Since you have enabled -Ofast it would be nice to test if the results are still correct. It does not matter how fast something is, if it is producing wrong results

If you want to be on the safer side, stick to -O3. For further reading https://gcc.gnu.org/onlinedocs/gcc/Optimize-Options.html#index-Ofast

It would be also nice to list flags you passed down to MSVC, for completeness.

igor_kavinski said:
AVX512F target but that CPU IS Cascade Lake.

Not really, not to mention with gcc you can enable only avx512f without specifying the arch.

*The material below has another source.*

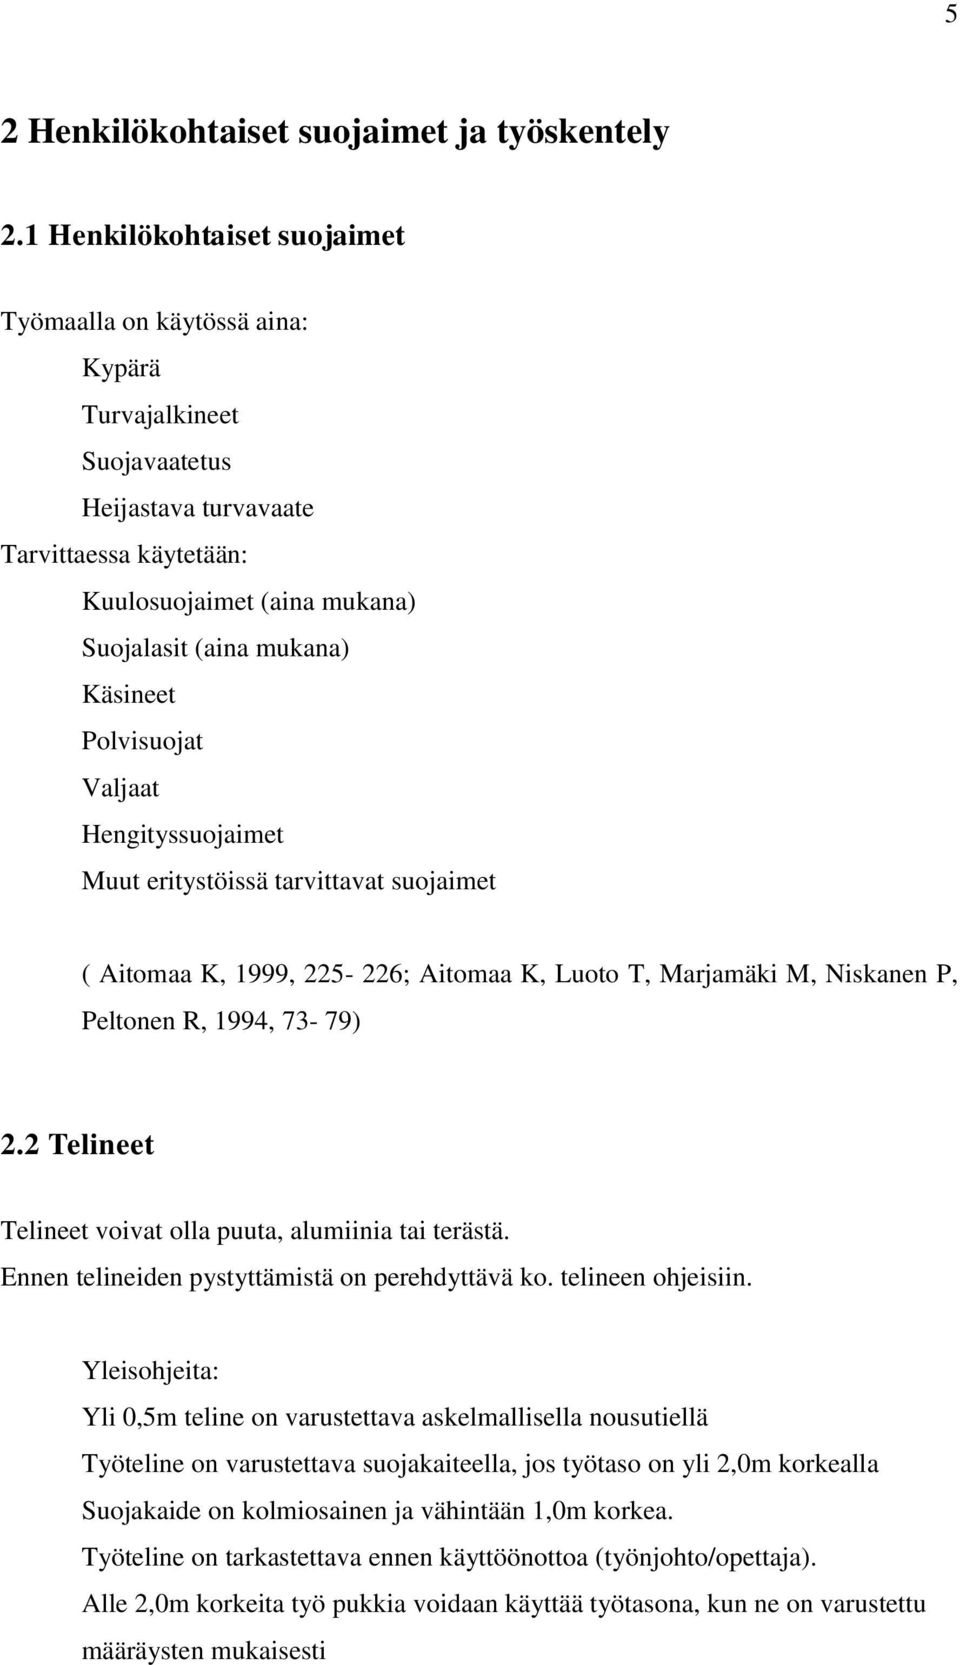 Käsineet Polvisuojat Valjaat Hengityssuojaimet Muut eritystöissä tarvittavat suojaimet ( Aitomaa K, 1999, 225-226; Aitomaa K, Luoto T, Marjamäki M, Niskanen P, Peltonen R, 1994, 73-79) 2.

igor_kavinski · Jul 5, 2025

Ah. So more testing!

Yay?

igor_kavinski · Jul 7, 2025

MS_AT said:
It would be also nice to list flags you passed down to MSVC, for completeness.

Code:

/vlen=512 /Yu"stdafx.h" /ifcOutput "Release\" /GS /Qpar /GL /analyze- /W3 /Gy /Zc:wchar_t /Zi /Gm- /O2 /Ob2 /Fd"Release\vc143.pdb" /Zc:inline /fp:precise /D "WIN32" /D "NDEBUG" /D "_CONSOLE" /D "_UNICODE" /D "UNICODE" /errorReport:prompt /WX- /Zc:forScope /arch:AVX512 /Gd /Oy- /Oi /MD /openmp /FC /Fa"Release\" /EHsc /nologo /Fo"Release\" /Ot /Fp"Release\Dr_Ian_3DPM.pch" /diagnostics:column

MS_AT · Jul 7, 2025

igor_kavinski said:

Code:

/vlen=512 /Yu"stdafx.h" /ifcOutput "Release\" /GS /Qpar /GL /analyze- /W3 /Gy /Zc:wchar_t /Zi /Gm- /O2 /Ob2 /Fd"Release\vc143.pdb" /Zc:inline /fp:precise /D "WIN32" /D "NDEBUG" /D "_CONSOLE" /D "_UNICODE" /D "UNICODE" /errorReport:prompt /WX- /Zc:forScope /arch:AVX512 /Gd /Oy- /Oi /MD /openmp /FC /Fa"Release\" /EHsc /nologo /Fo"Release\" /Ot /Fp"Release\Dr_Ian_3DPM.pch" /diagnostics:column

If you wish to remove redundant and/or duplicate options consult with with https://learn.microsoft.com/en-us/c...iler-options-listed-by-category?view=msvc-170

Schmide · Jul 13, 2025

I did some vibe coding. (github copilot) and for the most part on my 9950x3d is memory bound. Using a std::mersenne_twister_engine for random values.

Code:

[Standard] Generated 134217728 random normalized vectors in 177.939 ms.
Vector 0: (0.453678, 0.710586, 0.537815, 1)
Vector 1: (0.121839, -0.833704, 0.538603, 1)
Vector 2: (0.80229, -0.26128, -0.536715, 1)
Vector 3: (-0.467435, 0.526024, 0.710495, 1)
Vector 4: (-0.39317, 0.833771, 0.387613, 1)
[AVX] Generated 134217728 random normalized vectors in 168.096 ms.
Vector 0: (0.720739, 0.504543, 0.475365, 1)
Vector 1: (-0.116079, -0.275841, -0.954168, 1)
Vector 2: (0.698501, 0.150877, 0.699523, 1)
Vector 3: (0.469703, 0.634067, -0.614279, 1)
Vector 4: (0.568022, -0.415479, -0.710442, 1)
[AVX-512] Generated 134217728 random normalized vectors in 161.694 ms.
Vector 0: (-0.0977937, 0.84237, 0.529952, 1)
Vector 1: (-0.257729, -0.572719, -0.778183, 1)
Vector 2: (0.662639, 0.0722229, -0.745448, 1)
Vector 3: (-0.208273, -0.940973, -0.266819, 1)
Vector 4: (-0.729976, -0.246146, 0.637611, 1)
[No Normalization] Generated 134217728 random vectors in 159.824 ms.
Vector 0: (0.155903, -0.115883, 0.138903, 1)
Vector 1: (0.89671, 0.804303, 0.444347, 1)
Vector 2: (0.915703, 0.984343, -0.692272, 1)
Vector 3: (0.310002, 0.466344, 0.993065, 1)
Vector 4: (-0.90372, 0.87979, -0.0445499, 1)
[Fixed] Generated 134217728 fixed vectors in 142.19 ms.
Vector 0: (0, 1, 2, 1)
Vector 1: (0, 1, 2, 1)
Vector 2: (0, 1, 2, 1)
Vector 3: (0, 1, 2, 1)
Vector 4: (0, 1, 2, 1)

Depending on the run they can flip places. (avx, avx512, no norm) Except for the non-vectored and fixed vectored book ending the results.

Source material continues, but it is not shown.